After years of advocating by the National Ready Mixed Concrete Association (NRMCA) and other key stakeholder groups, the U.S. Green Building Council has adopted LEED pilot credits that provide incentives for design teams to plan, design and build for resilience. NRMCA had proposed a pilot credit in September 2013 and was connected with another group headed by Alex Wilson of the Resilient Design Institute, a longtime resiliency advocate who had submitted a pilot credit with similar goals. Through collaboration, Wilson’s group adopted some of the key parts in the NRMCA proposal, specifically dealing with hazard identification and design criteria in the FORTIFIED for Safer Business program.
The three new pilot credits that reward design teams for adopting resiliency strategies are:
- Assessment and Planning for Resilience: In this credit, the design team must complete in pre-design a Hazard Assessment prerequisite to identify critical hazards, plus at least one of two options of either Climate Resilience Planning or Emergency Preparedness Planning (1 Point).
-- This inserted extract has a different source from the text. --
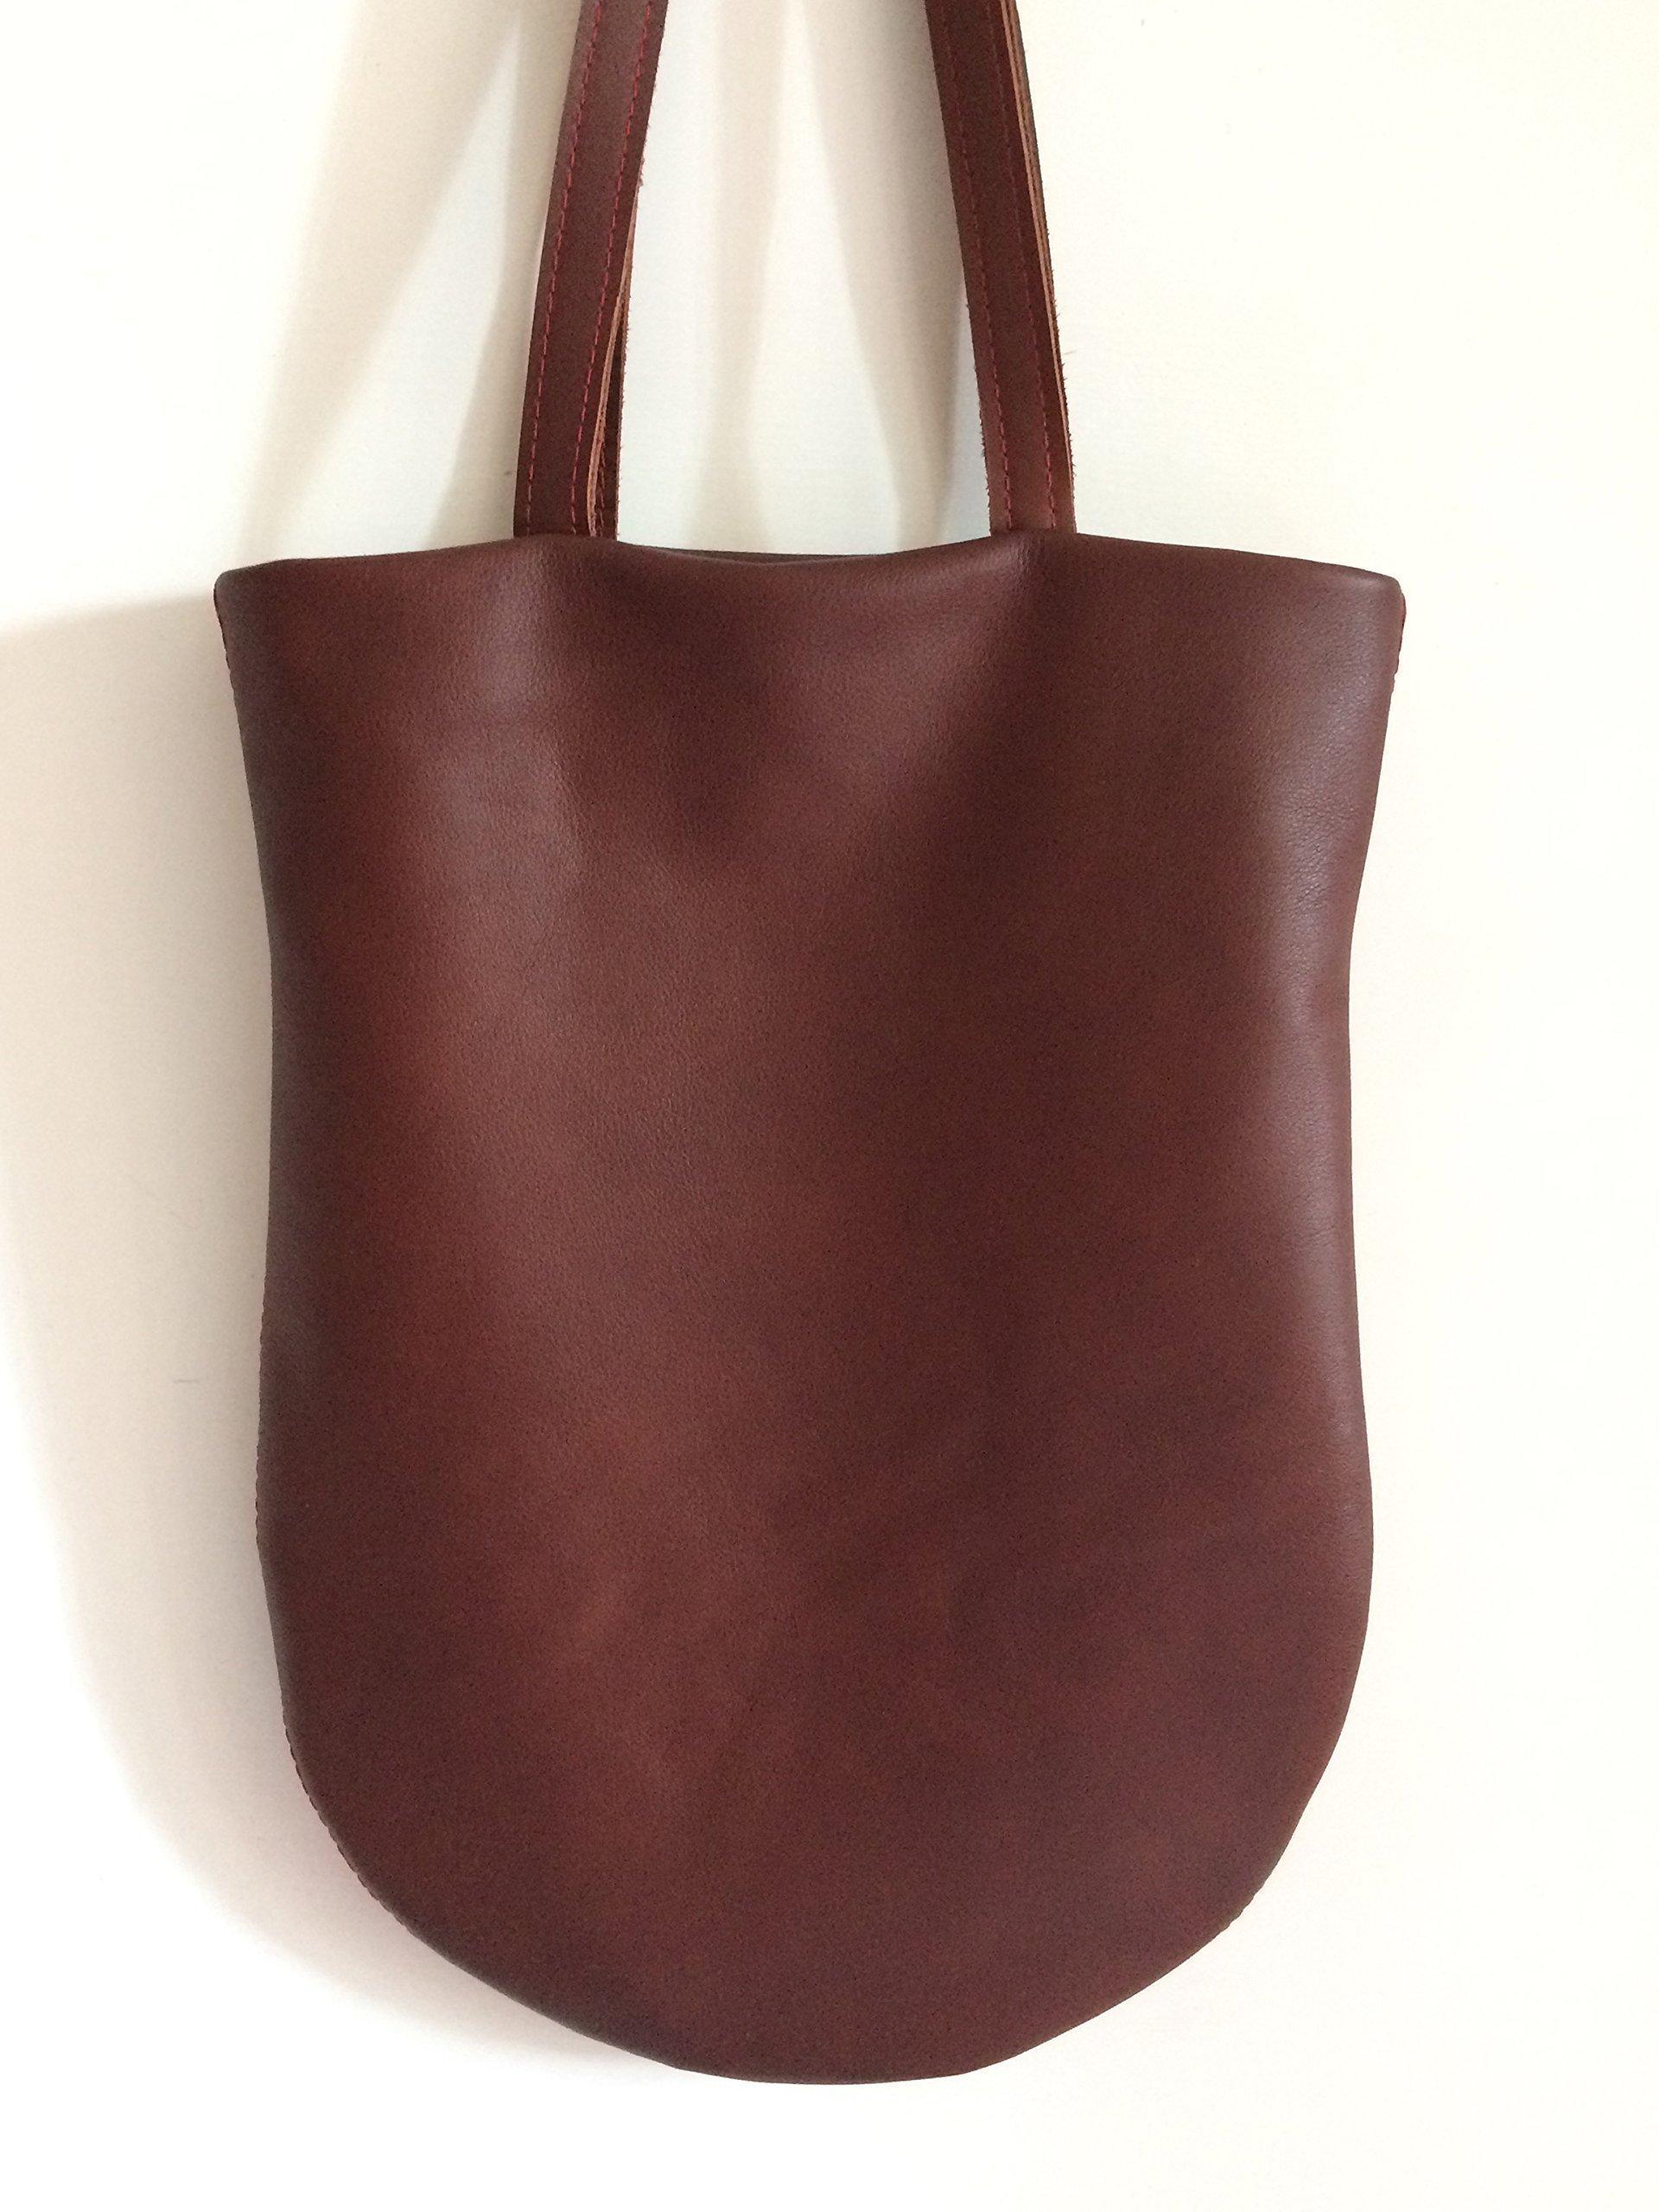 Leather brown tote bag, briefcases for woman, work bag or elegant bag, handmade handbags limited edition BBagdesign. - handmade-bags

Click here for details.
- Design for Enhanced Resilience: In this credit, the design team must design its project to specific design standards (including FORTIFIED for Safer Business) for the top three hazards identified in the Assessment and Planning for Resilience credit (1 Point). Click here for more details.
- Passive Survivability and Functionality during Emergencies: In this credit, the design team must meet any two of the three options that include thermal resilience (livable conditions in a building after a disaster), back-up power or access to potable water (1 point). Click here for more details.
Although these credits only count for a single point each in LEED, this is typical for pilot credits. Once a pilot credit is implemented and vetted on actual LEED projects, it is often implemented as a permanent credit and points are then assigned based on its overall impact regarding green building objectives which means points assigned to each credit could be increased.
NRMCA and its industry allies have been promoting changes to legislation, building codes and rating systems to incorporated resiliency design strategies for years. One of the key pieces of legislation that supports resilient construction is the Disaster Savings and Resilient Construction Act that provides up to $3,000 tax credit for homeowners and up to $25,000 to building owners who design to the FORTIFIED standards of the Insurance Institute for Business and Home Safety. If passed, the legislation would support LEED projects that implement the new resilience pilot credits.
Concrete construction has long been recognized for its ability to resist natural and man-made disasters, including hurricanes and tornadoes, fire, floods and earthquakes. The new LEED credits, combined with tax incentives could provide building owners with significant motivation to build to a higher standard, thus reducing the typical human and financial losses experienced in disaster events.